What we’re reading about in these specific verses is God’s renewal of His covenant with Israel. God directs Moses to re-write the stone tablets (that Moses had destroyed in his anger at the golden calf). And presumably the 40 days and 40 nights encompasses all the time that Moses spends in God’s presence, receiving the renewed covenant. And during this time, Moses fasted.
So what I want to suggest is that this fasting was Moses’ time of listening to, waiting for (so to speak), and simply attending to God. It wasn’t a matter of guidance, and it wasn’t a matter of repentance, although I think it entailed those things. Moses was simply being in and receiving God’s presence.
So what we’ve surveyed – very quickly – are three stories that reveal three different purposes for fasting in the bible. Again, there are many more mentions of fasting, and more reasons for fasting given in scripture.

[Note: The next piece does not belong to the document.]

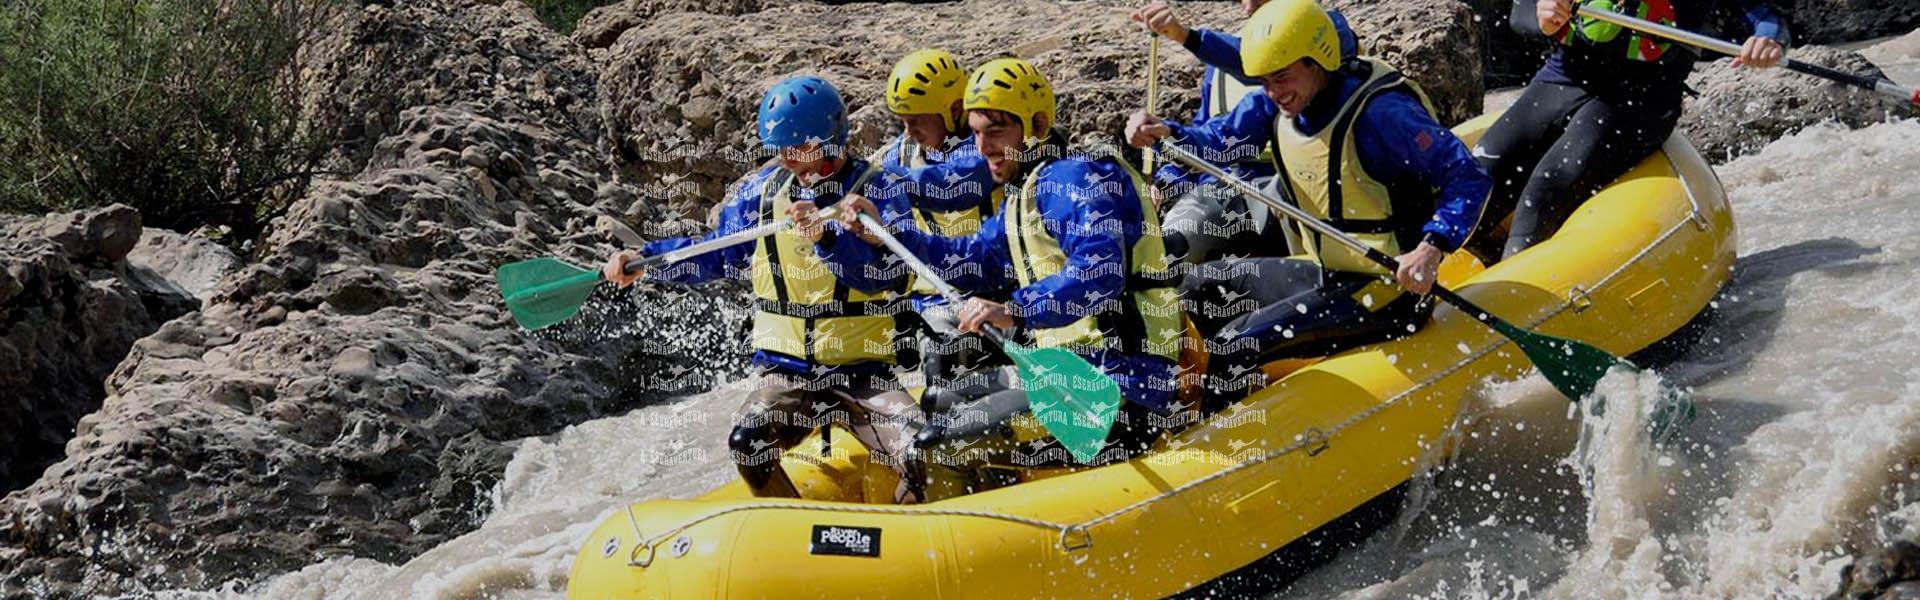 Rafting Exclusivo Grupos

So what does all of this have to do with the overarching theme for this sermon series? Well, what I want to suggest – and this may be obvious (or at least I hope it is) – is that in fasting, whatever our immediate motivation, fundamentally we are turning ourselves over to the grace and mercy of God. In fasting, we are turning ourselves over to the sovereignty of God.
To make a little more sense of this, I want to remind us of the conversation we had about humanism. Humanism, in a nutshell, is the belief or philosophy that human beings have the ability and potential to achieve all of the good that we need. And humanism, as we discussed, is pervasive in (especially) western culture. As we also mentioned, humanism is also (in my opinion) pervasive in western Christian culture – maybe especially in how we think of and do ministry.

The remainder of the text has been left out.